[Aim of the task]: What you return should be the complete data below, word for word, with no pictures in it.
::: Source data :::
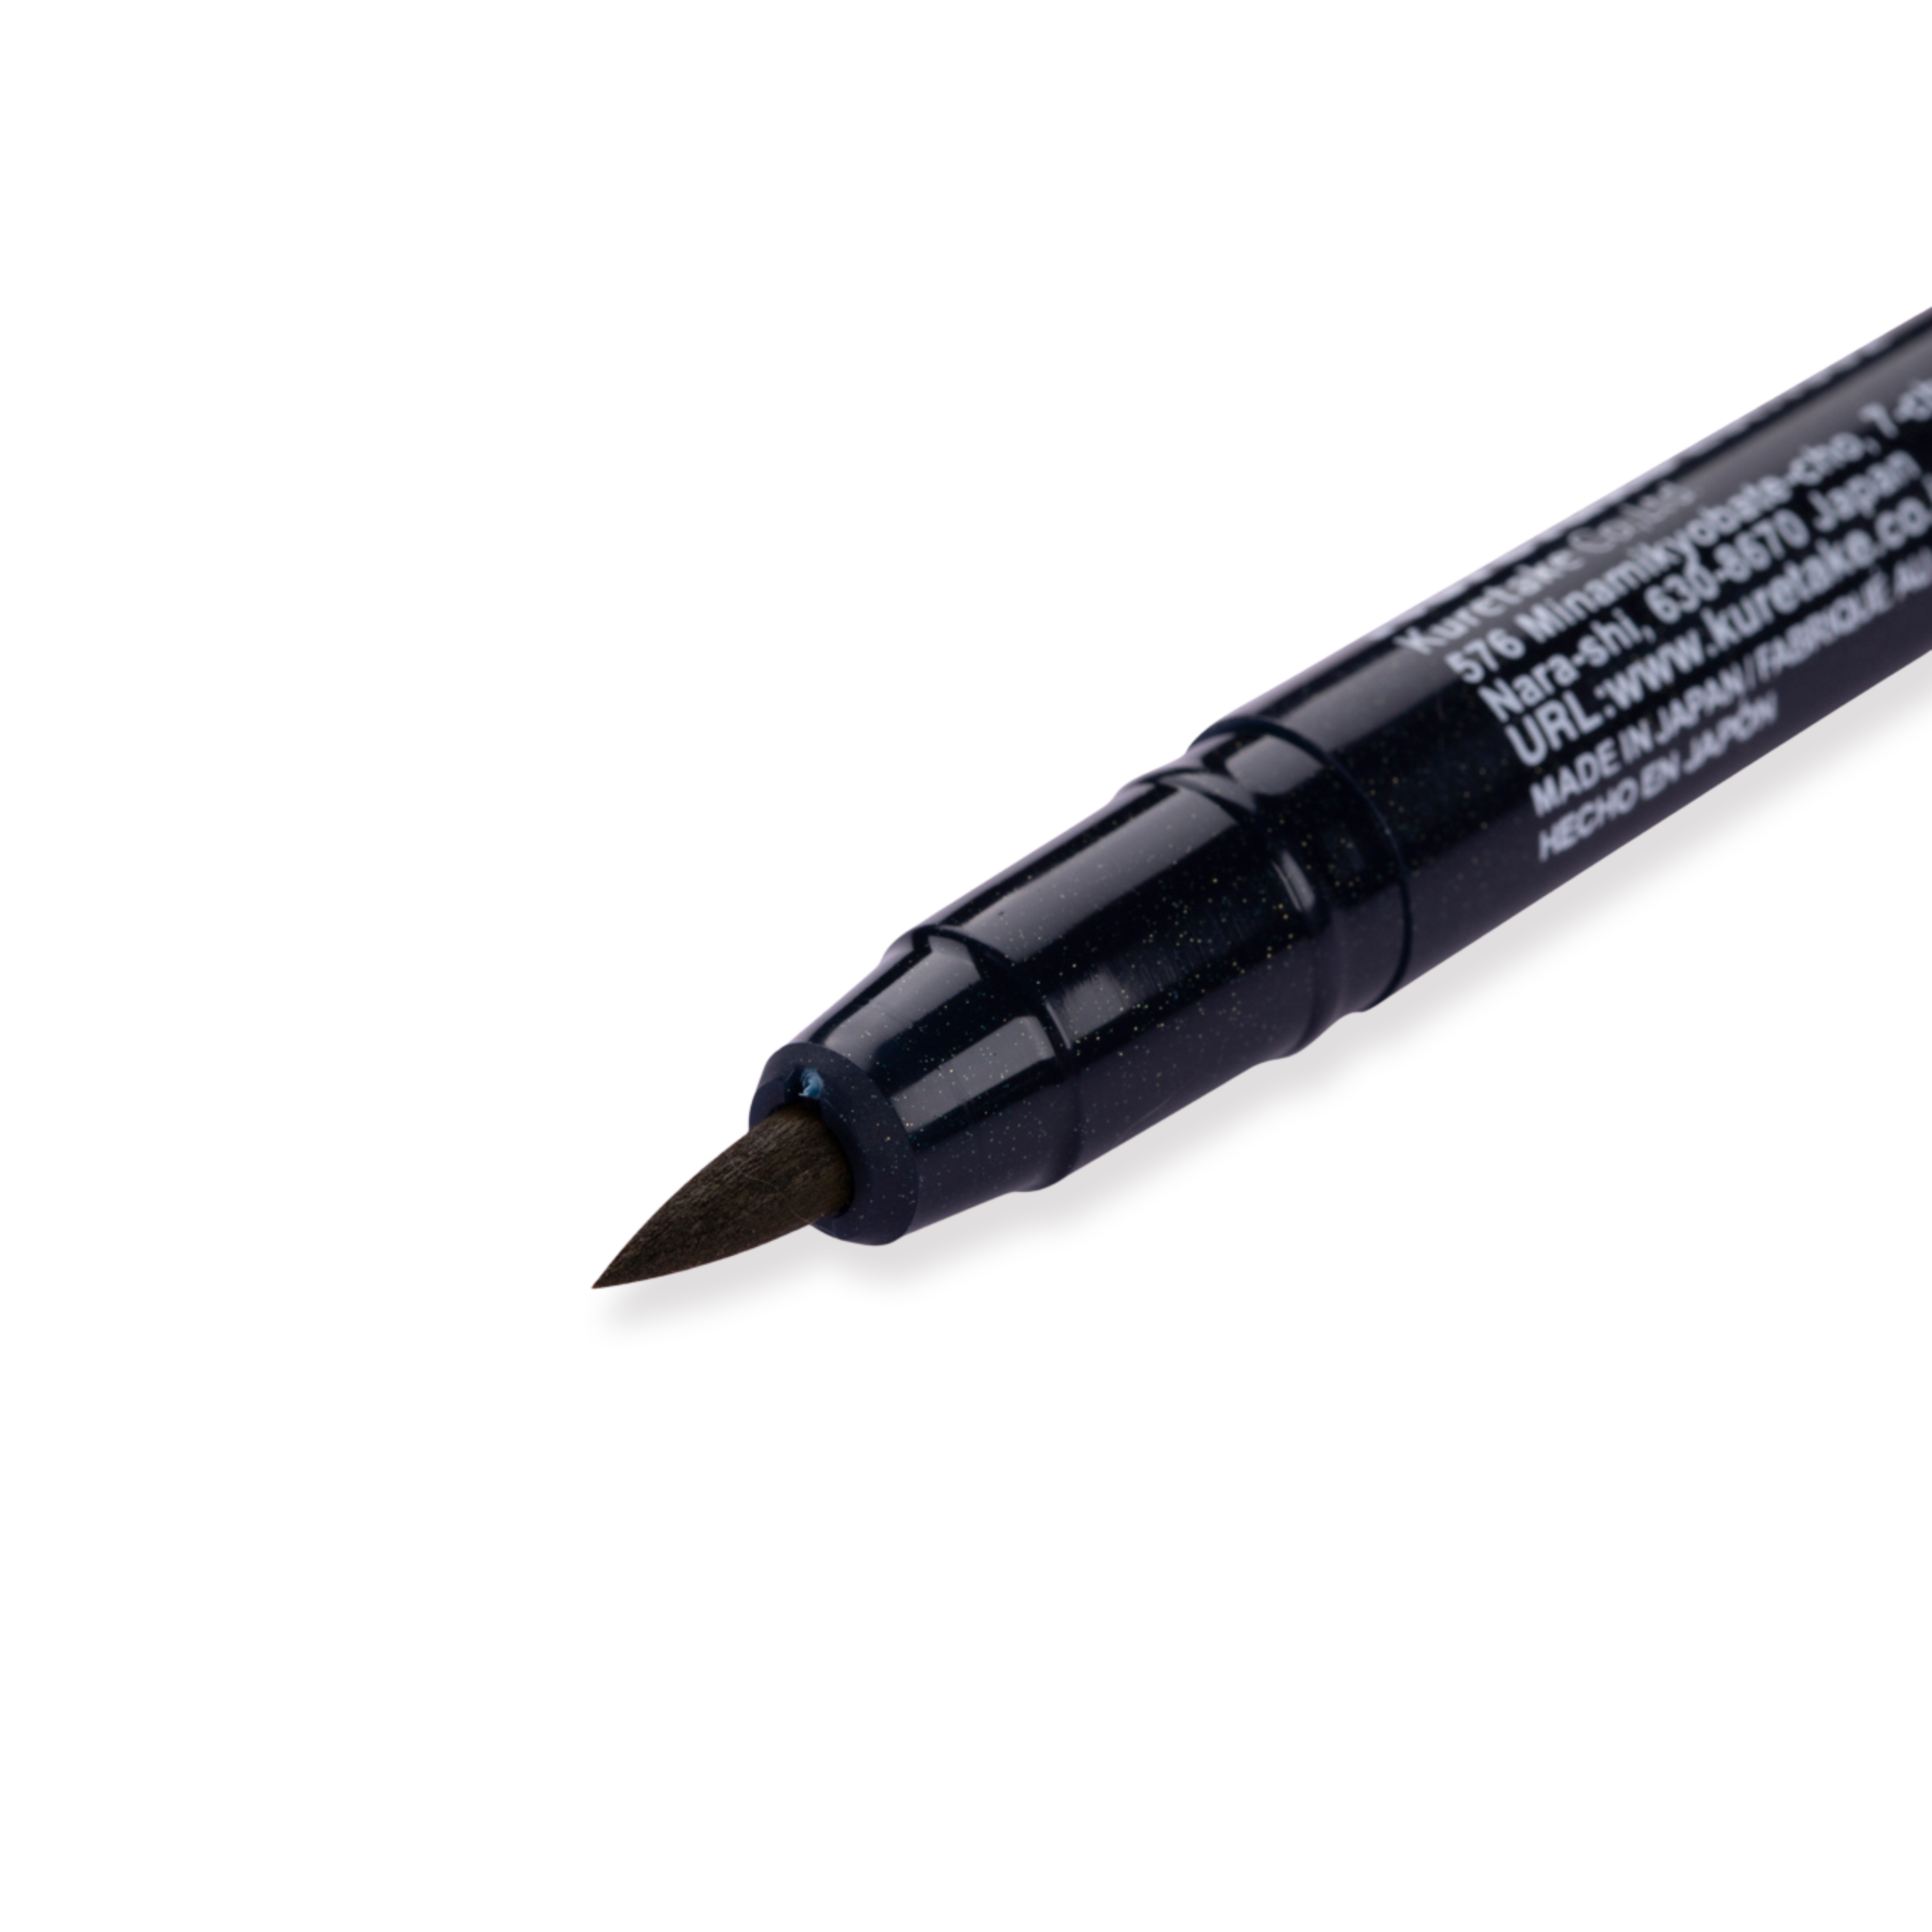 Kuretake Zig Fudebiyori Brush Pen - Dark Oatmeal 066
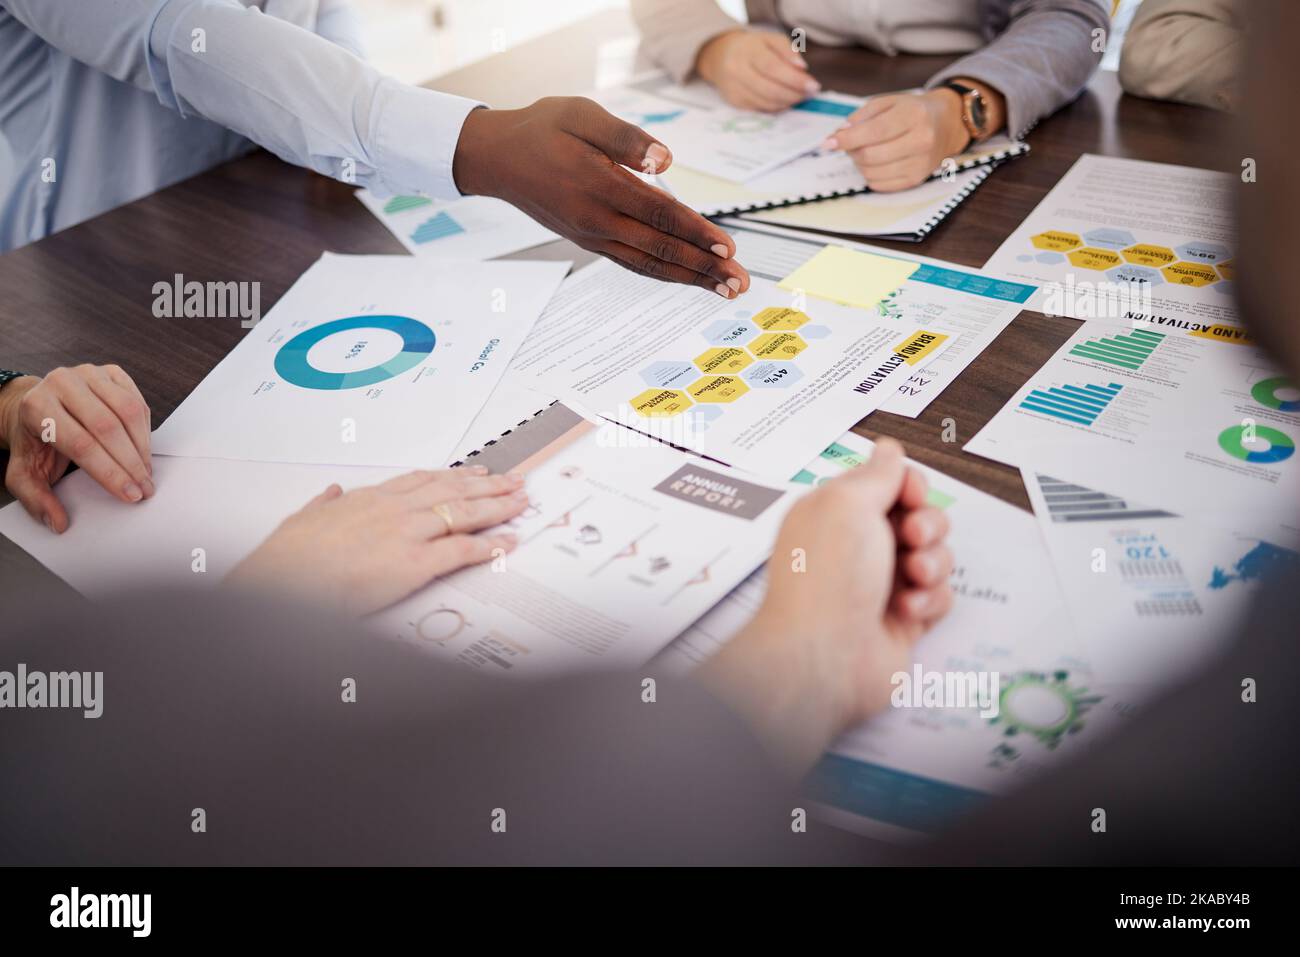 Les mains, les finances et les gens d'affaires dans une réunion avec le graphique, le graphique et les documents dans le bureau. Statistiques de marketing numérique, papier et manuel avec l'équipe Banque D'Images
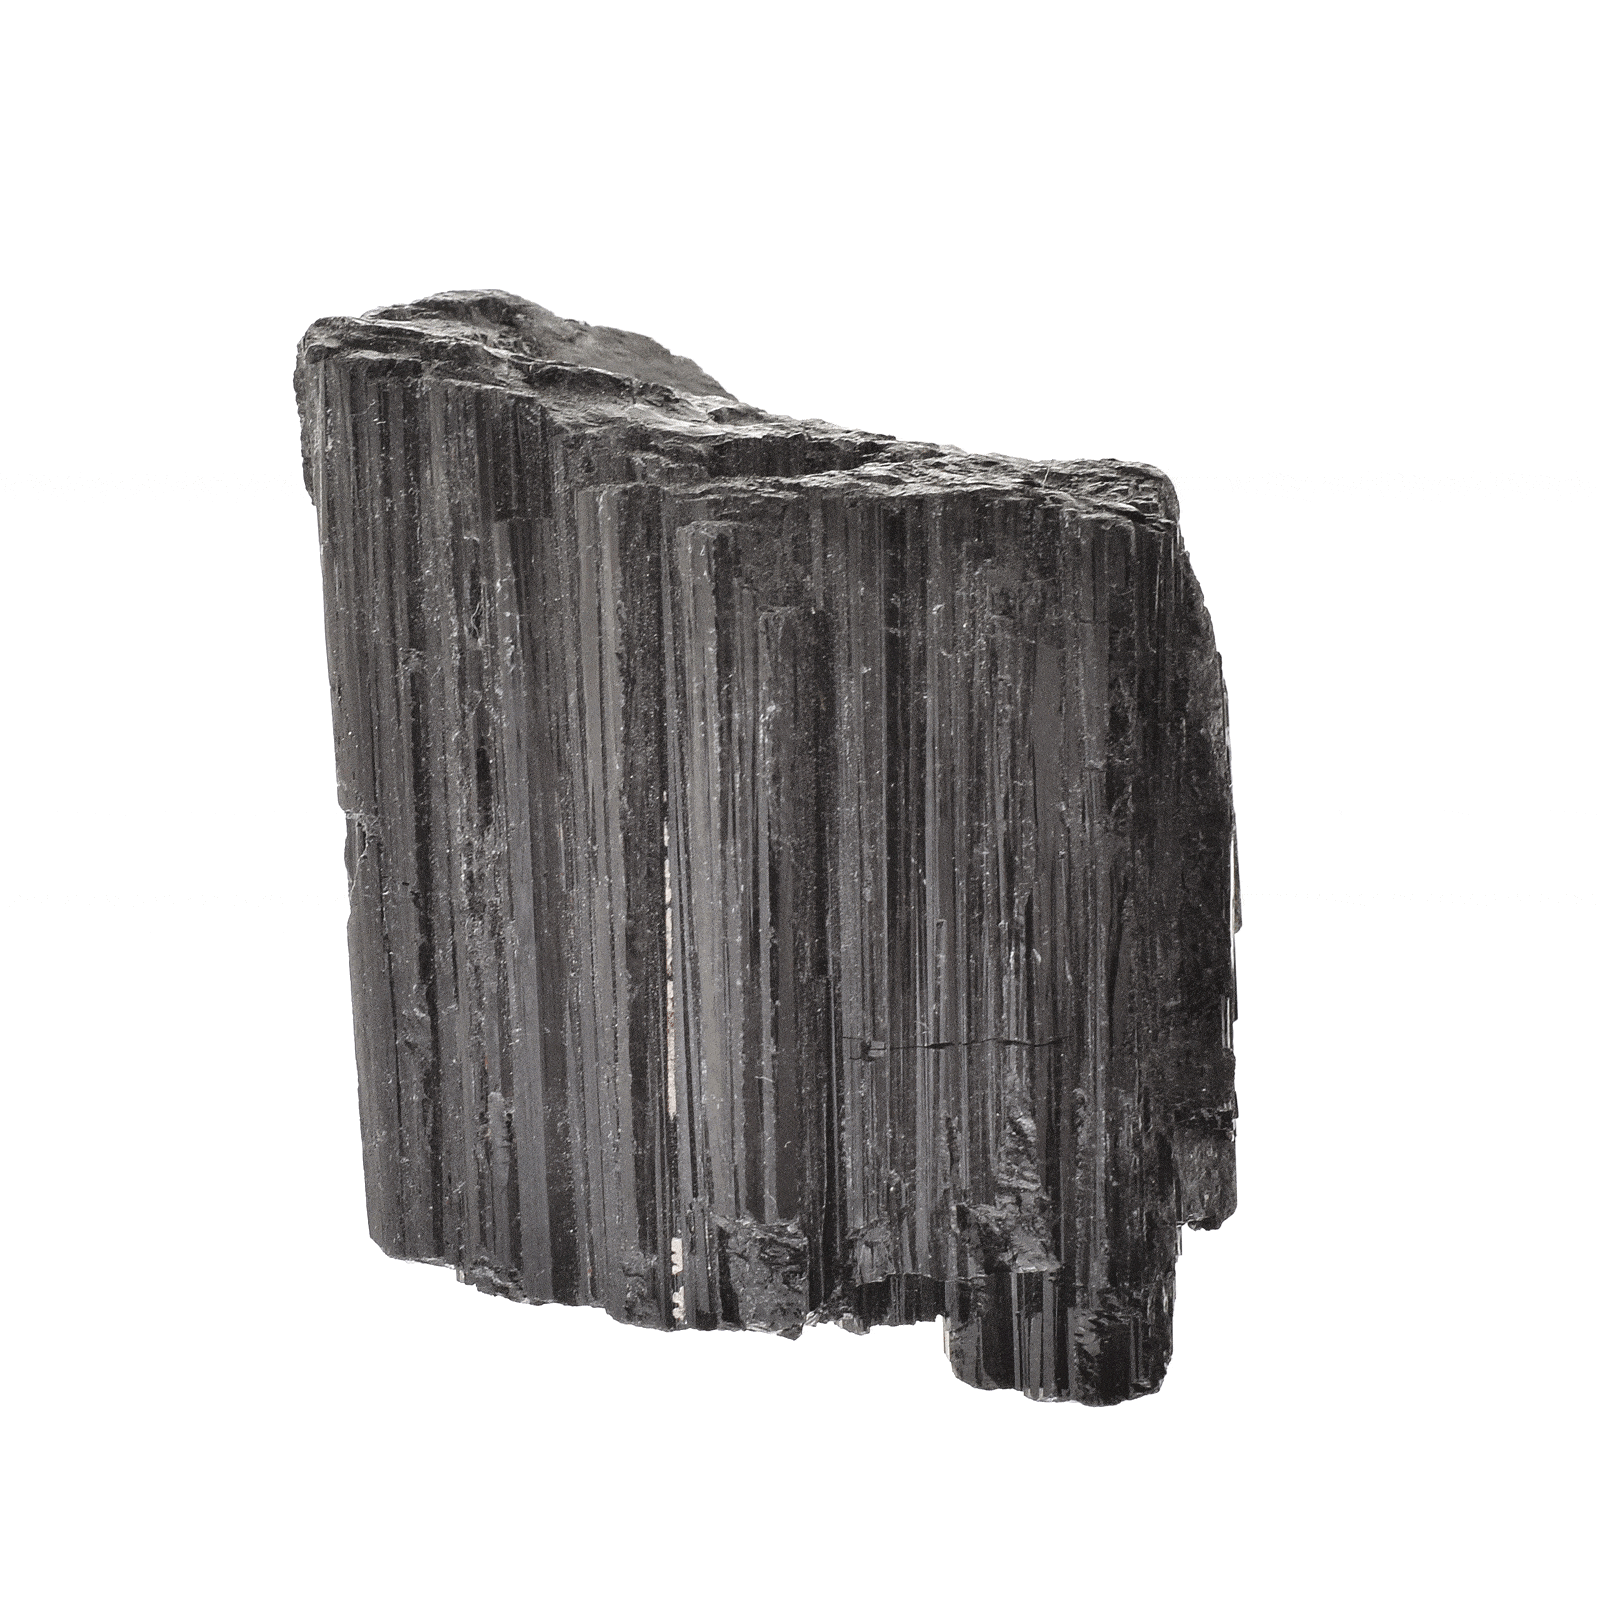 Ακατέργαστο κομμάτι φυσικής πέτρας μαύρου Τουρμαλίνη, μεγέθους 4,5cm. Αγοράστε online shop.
:::
[Response area]:
 Kuretake Zig Fudebiyori Brush Pen - Dark Oatmeal 066
 Les mains, les finances et les gens d'affaires dans une réunion avec le graphique, le graphique et les documents dans le bureau. Statistiques de marketing numérique, papier et manuel avec l'équipe Banque D'Images
 Ακατέργαστο κομμάτι φυσικής πέτρας μαύρου Τουρμαλίνη, μεγέθους 4,5cm. Αγοράστε online shop.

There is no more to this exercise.